Portable Cervical Cancer Screening
achel Barrera, Marlee Krieger, Jenna Mueller, Mercy Asiedu and Nimmi Ramanujam. Credit: Duke Global Health Institute
January was Cervical Health Awareness Month, and this year, that designation held special significance for Nimmi Ramanujam, professor of biomedical engineering and global health and director of the Center for Global Women’s Health Technologies.
Since 2012, she and her research team have been developing and testing a portable colposcope, called the “Pocket Colposcope,” to increase access to cervical cancer screening in primary care settings. Last month, 20 of these devices were produced for distribution to international partners.
Screening is key to early detection and effective treatment
According to the World Health Organization (WHO), more than 85 percent of the more than 270,000 annual deaths from cervical cancer occur in low and middle income countries. The disease is easily treatable if identified early, but because access to effective screening is limited in low-resource settings, early detection is often not possible.
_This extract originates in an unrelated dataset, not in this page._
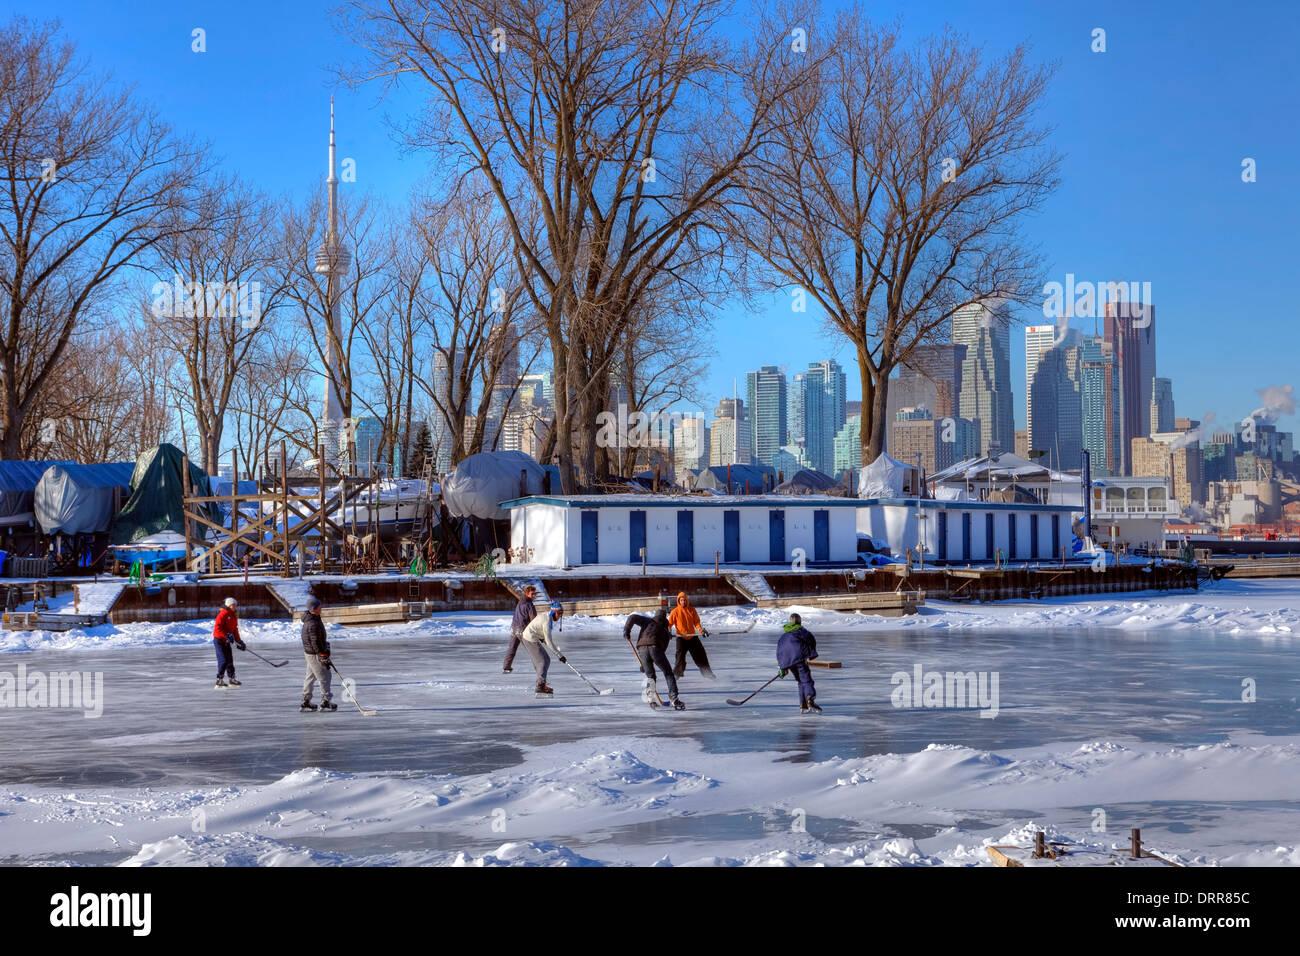 Hockey su ghiaccio, Toronto, Ontario, Canada Immagini Stock
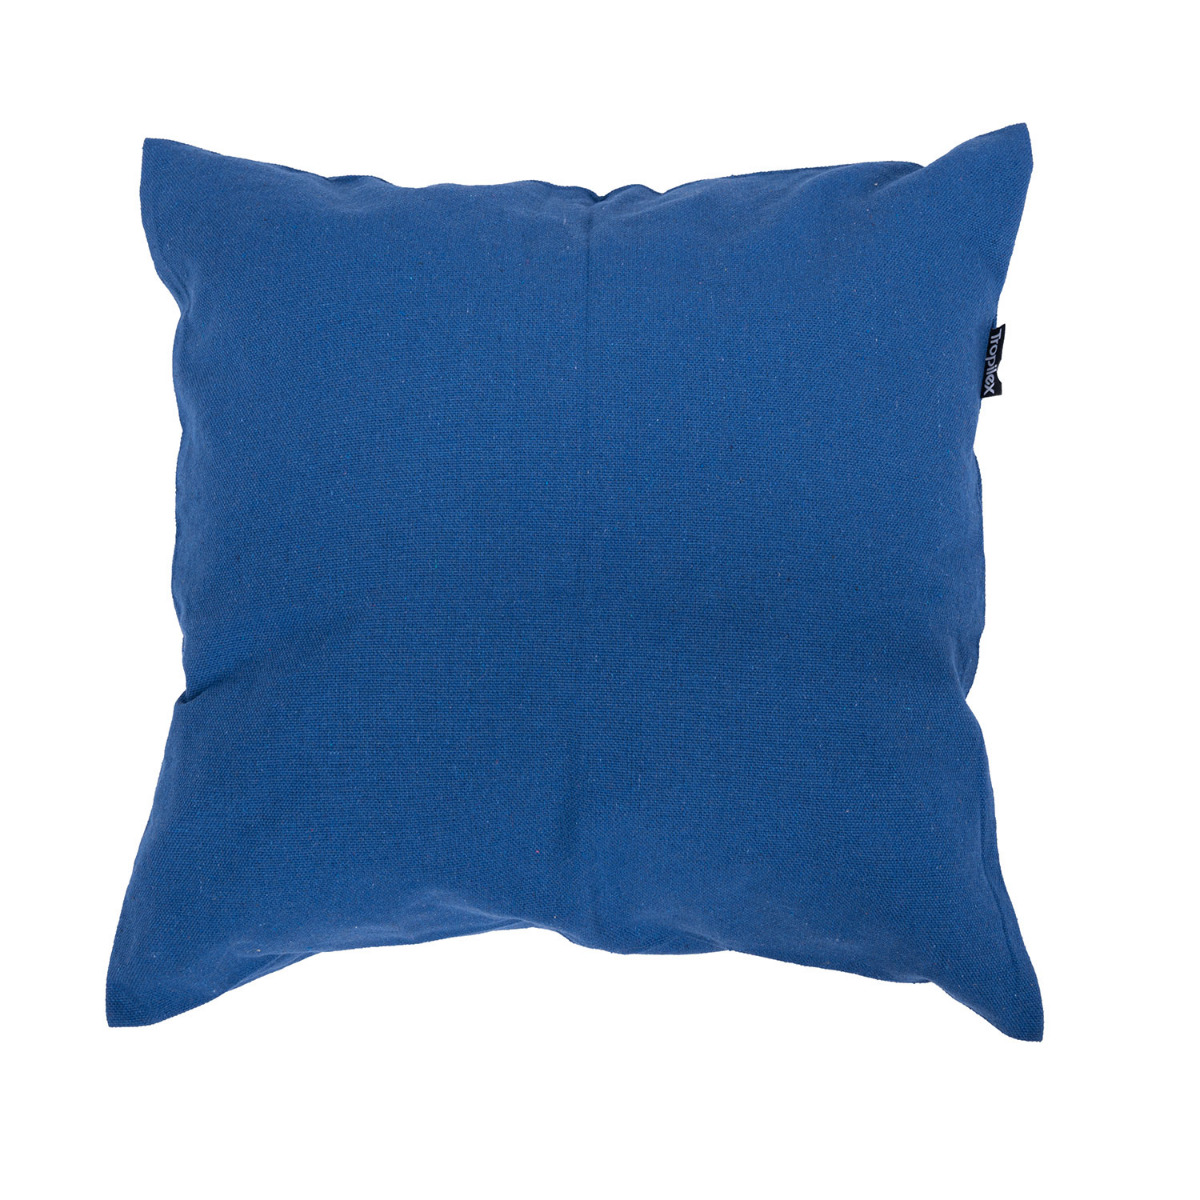 Kussen 'Plain' Blue - Tropilex �

And even if access to screening is available, for example via human papilloma virus (HPV) testing, a confirmatory test is needed before a woman can receive treatment. In the United States, this test is performed through colposcopy. However, a clinical colposcope is typically not available in a primary care setting, and in many low and middle income countries, often the alternative is to visualize the cervix with only the naked eye—a method that often results in missed diagnoses. The cost of a clinical colposcope—upwards of $20,000—presents yet another barrier.
The Pocket Colposcope is designed to address these barriers. It brings that secondary test—traditionally performed using a clinical colposcope by physicians at referral centers—to the primary care setting. In addition, it’s easy for a broad range of health care providers with different levels of training to use.
About the pocket colposcope
After four generations of development, the team has created a beta prototype of the Pocket Colposcope in collaboration with product design and development company 3rd Stone Design, Inc.
The Pocket Colposcope is significantly less expensive, smaller and lighter than a traditional clinical colposcope. Weighing less than two pounds, it fits inside a pocket (hence the name). The device enables healthcare providers to zoom and capture images by pressing a button with their thumb. Images taken with the Pocket Colposcope are transmitted instantly to a smartphone, tablet or laptop.
Afterwards, the device can be sterilized by immersion in bleach or hydrogen peroxide.
“What’s unique about this design compared to traditional and redesigned, low-cost colposcopes on the market is that it reimagines the way a gynecological exam is performed,” said Ramanujam. Rather than visualizing the cervix from outside the speculum (the instrument that separates the vaginal walls during cervical exams), as other colposcopes do, the Pocket Colposcope can be used inside a speculum or even without a speculum.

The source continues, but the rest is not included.